When it comes to recruiting and retaining employees they follow the golden rule of "do unto others as you would have them do unto you," she said.
"People like working here and they want their friends to come work with them."
Andrew Suggett didn't see a future in Brandon until he connected with Greenstone while enrolled in computer sciences at Brandon University. Starting as an intern in 2021, he's now a full-time IT and software developer at the company.
"I thought I would have to move to Vancouver or Toronto to find a tech job. But it turns out there's a lot of tech jobs in Brandon," he said.
He's referred a friend to Greenstone, but others haven't been as lucky, moving to larger urban centres like Calgary because they can't find work, Suggett said. He's grateful he found a job at Greenstone because he gets to stay close to his family in Portage la Prairie, build his career and save money due to Brandon's lower cost of living.
Suggett can see building a tech career in Brandon, but stressed businesses must connect with young professionals so they know they're needed in the city, he said.
Connecting with youth
Jennifer Ludwig, the Brandon Chamber of Commerce's vice-president and the president of Super Thrifty Drugs Canada, says concerns about skilled labour shortages are ongoing, and more businesses are trying to connect with young professionals like Suggett.
In 2021, the province's Manitoba Labour Market Outlook said the southwest region — including Brandon — had a workforce of 55,700 individuals and more than 7,200 job openings.
While businesses are tapping into Assiniboine College and Brandon University to help train and get people into the workforce, there are still some obstacles, said Ludwig.
Super Thrifty needs pharmacists, but competing with bigger cities is a struggle, she said. The business needs to fill six positions, and has been looking for a couple of years.

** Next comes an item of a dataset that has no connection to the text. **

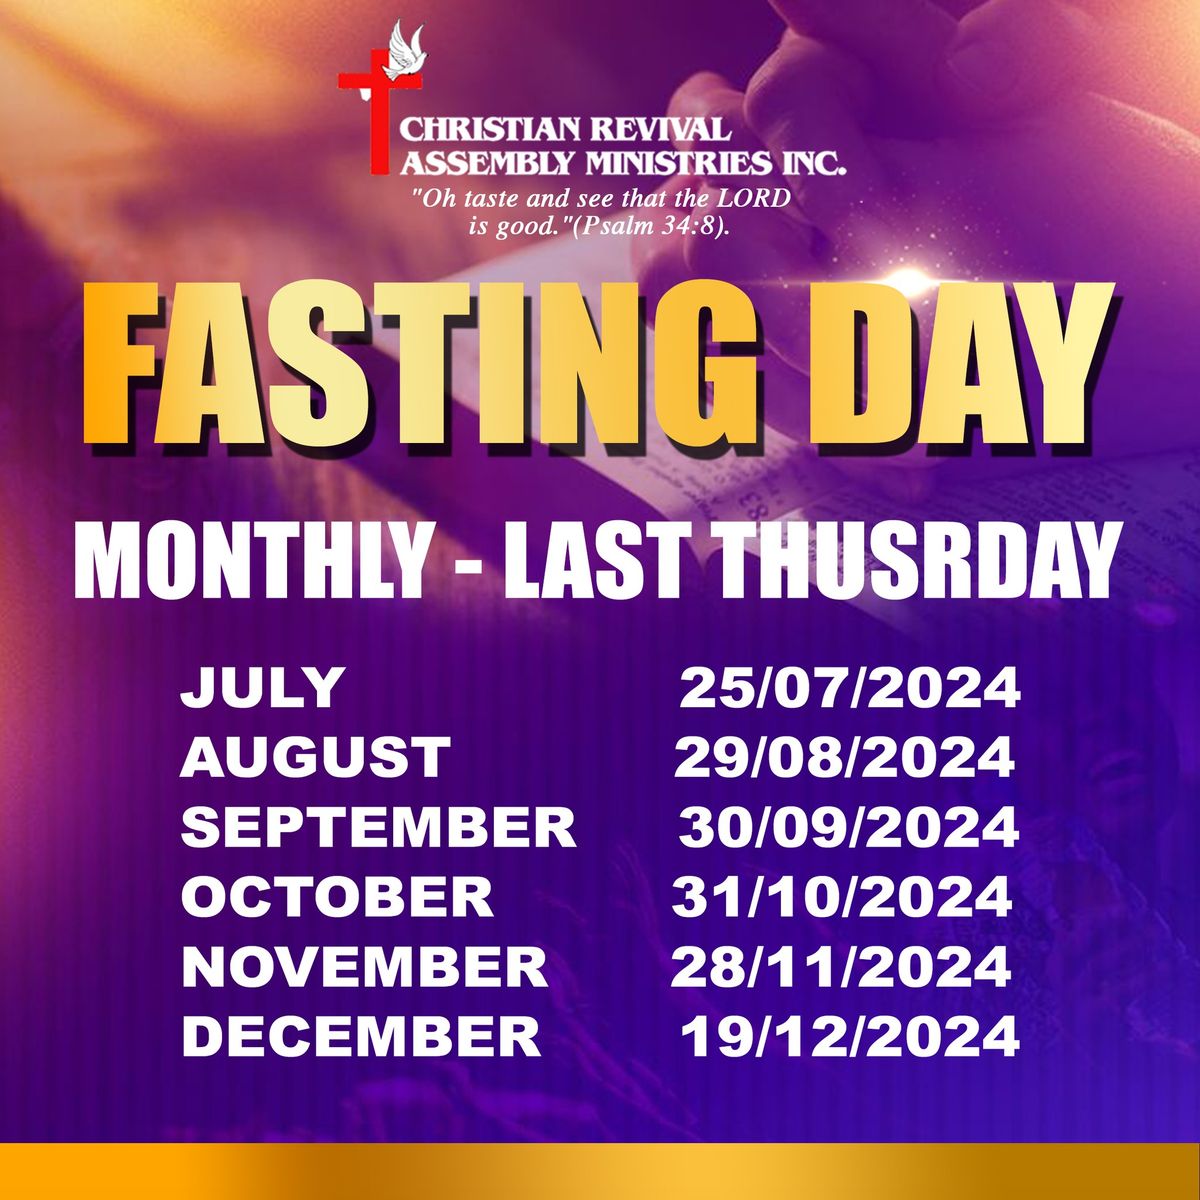 Fasting Day: Monthly - Last Thursday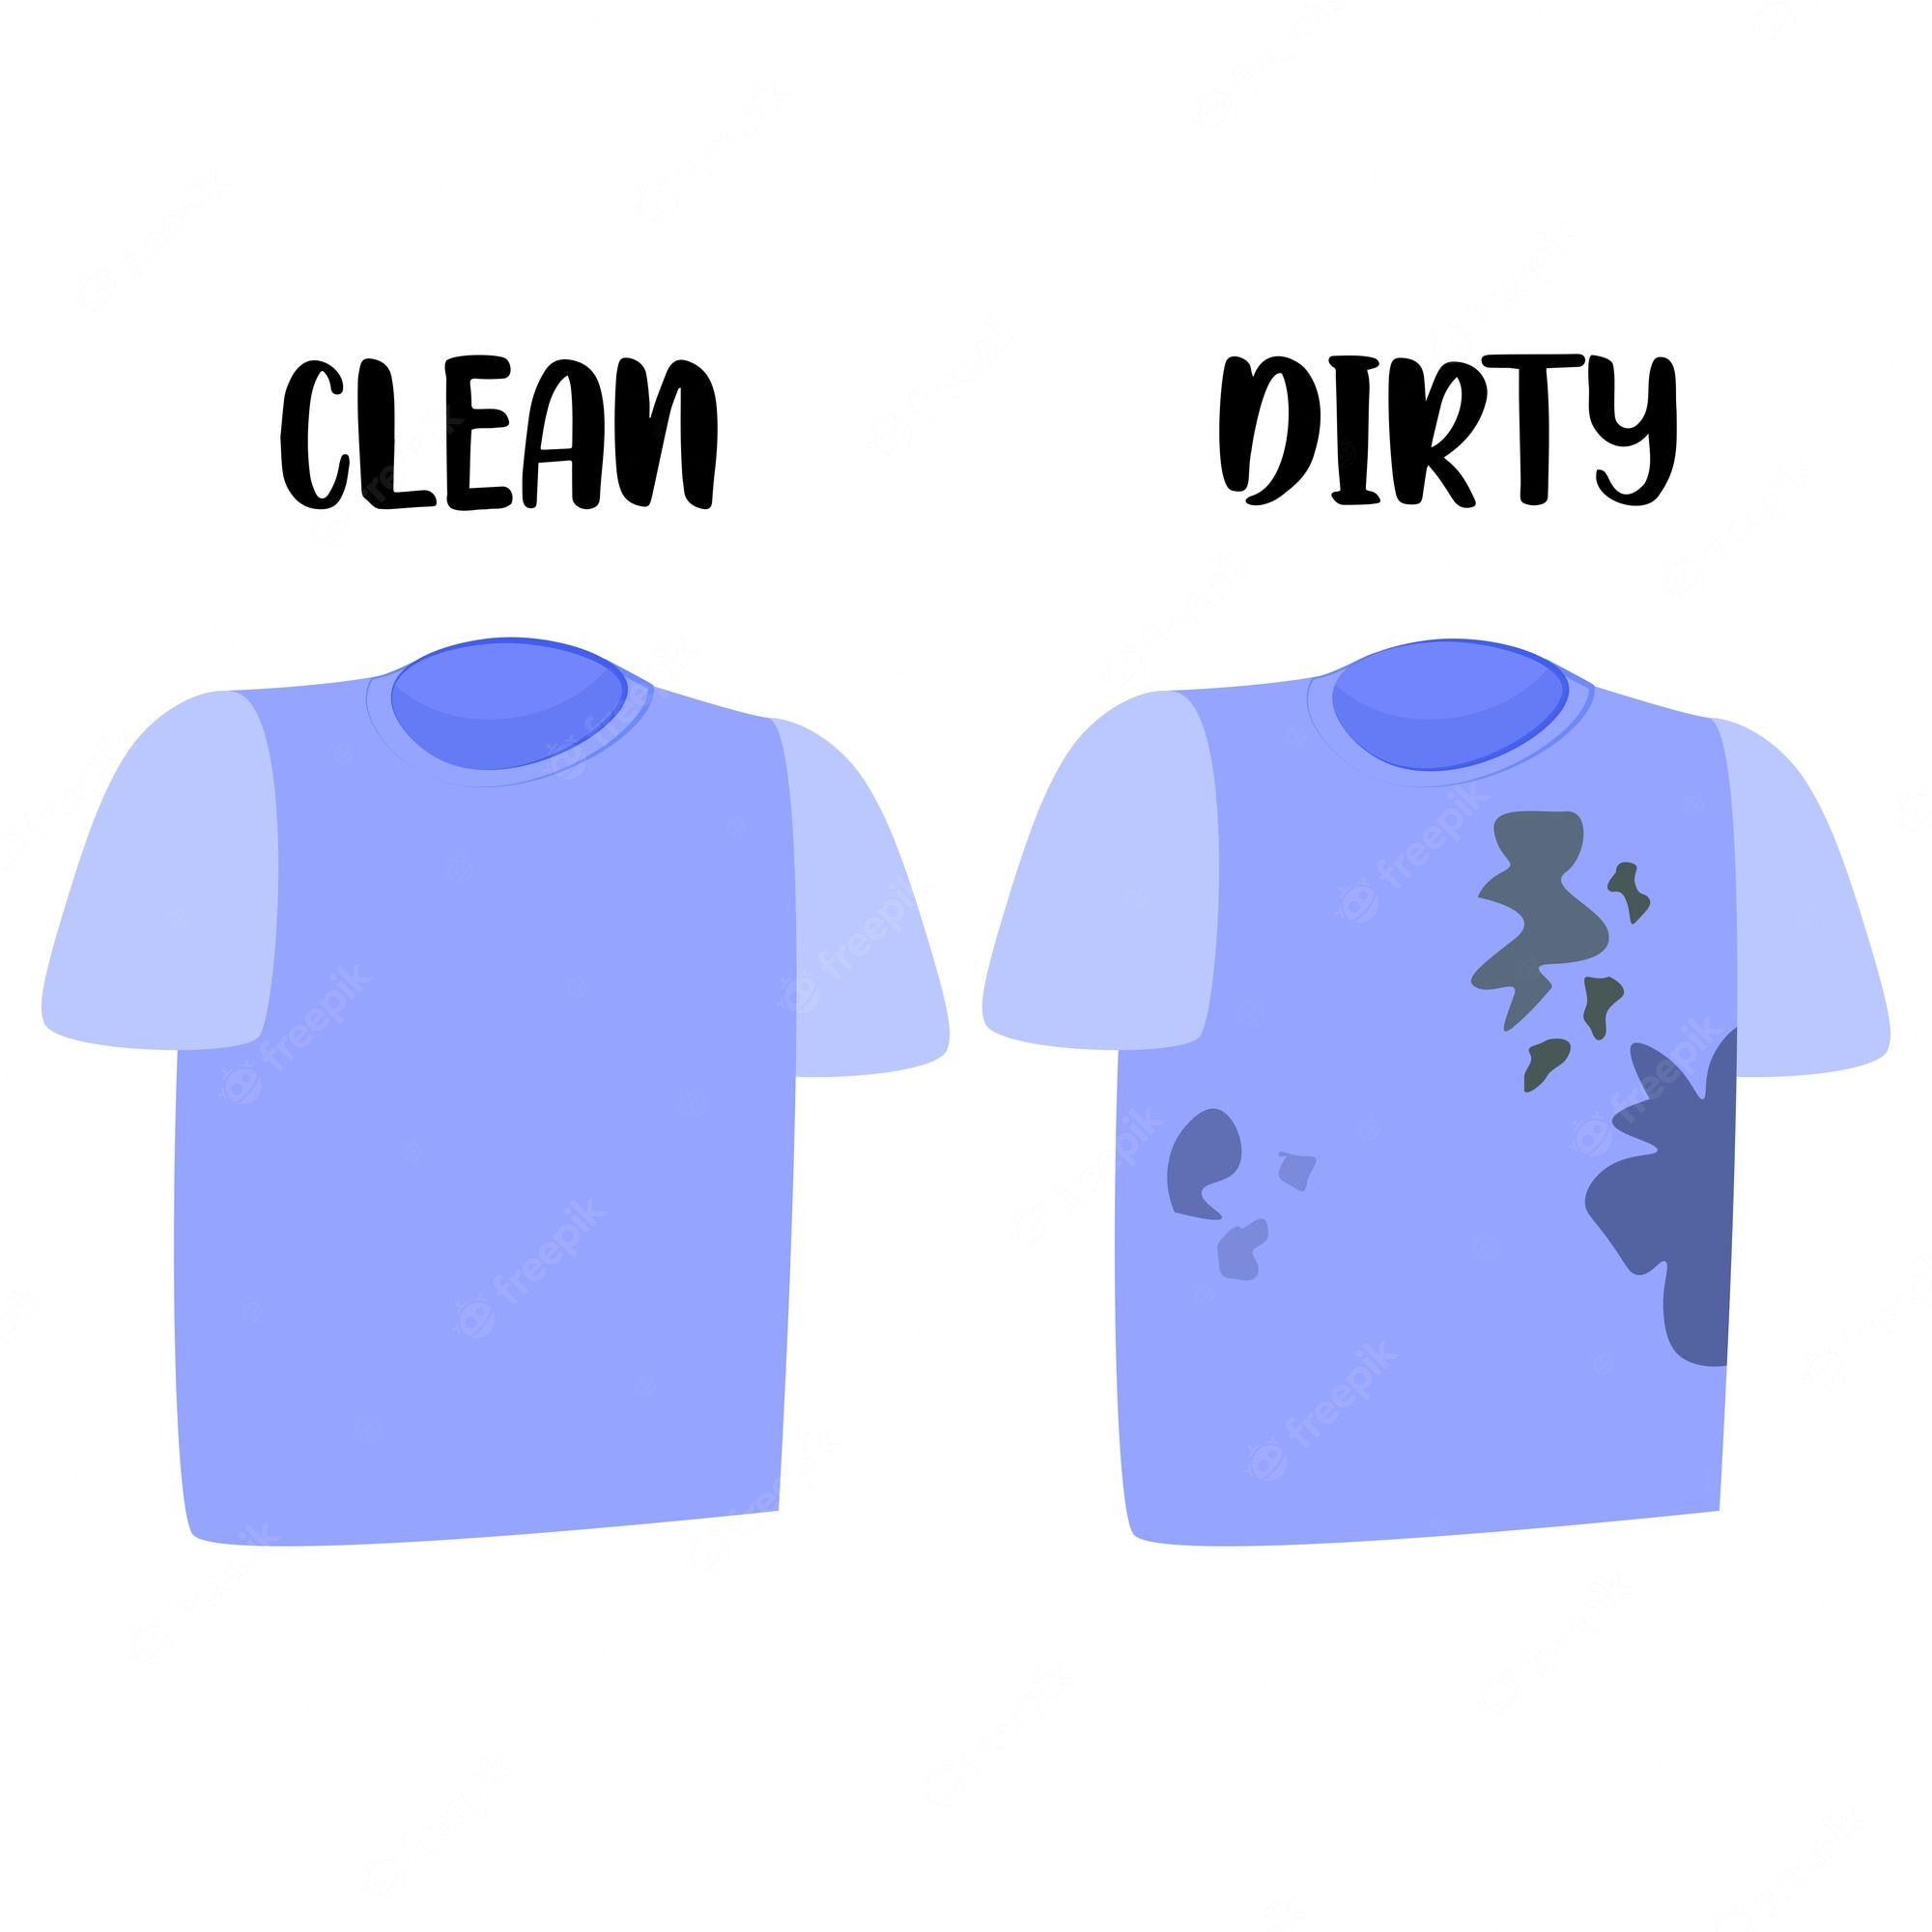 dirty shirt clipart black and white - Clip Art Library - Clip Art Library

There's no pharmacy school in Brandon, which makes recruitment harder. She said one of the biggest challenges is perception, as many falsely believe Brandon lacks career opportunities and the excitement of larger centres.
Ludwig wants to help change the narrative by showing everything Brandon has to offer those starting their careers.
"They're the ones that are going to be carrying the torches of … [businesses] that were built by stakeholders that started them years ago," she said. "We need those young people to carry them forward."